What they are concerned with is the company being seen as a place where people are running amok and the work isn't seen as the first priority by the employees. That can be demoralizing to the rest of the staff who are interested in having impact and can affect recruiting if potential recruits think the company is a big hot mess.
Most likely, you aren't agreeing with all what your company does. There has to be some decision, either in management, or in product direction, or anything, that you disagree with and you tried, or will try, to change that. Is the solution simply to quit and get another job? Do you simply quit because improving that part is too complex? Or do you persevere because you believe in the company and think it can become so much better?

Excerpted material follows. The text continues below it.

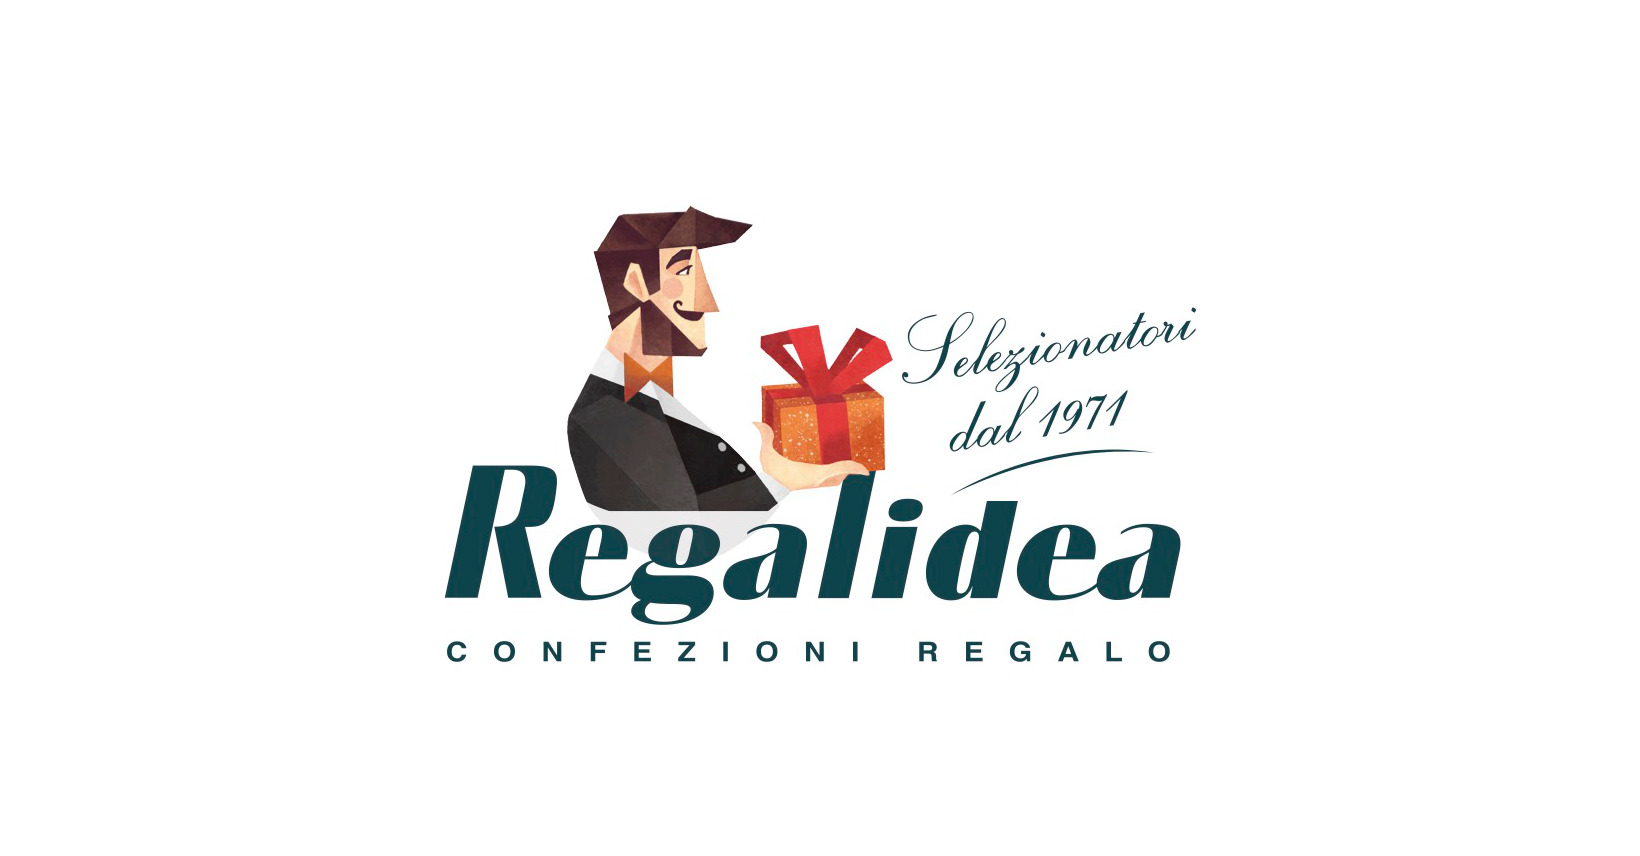 (c) Regalidea.net

Making documents and calendars accessible is one example of Google’s “open culture.” When these features are abused in an attempt to strong arm a company or coworkers into kowtowing to each of your demands, that’s sabotage of the company’s culture at the expense of tens of thousands of your coworkers who may not share your political views on every issue. Say your piece, keep saying it if you feel so compelled, but don’t cross the line into unethical behavior and cry “retaliation!” when you’re caught.
Or people aren't fooled by the positive coverage for fired workers and political agitators and know what's really going on, and this has absolutely nothing to do with union busting, just individuals who can't tell a workplace from a culture war battlefield.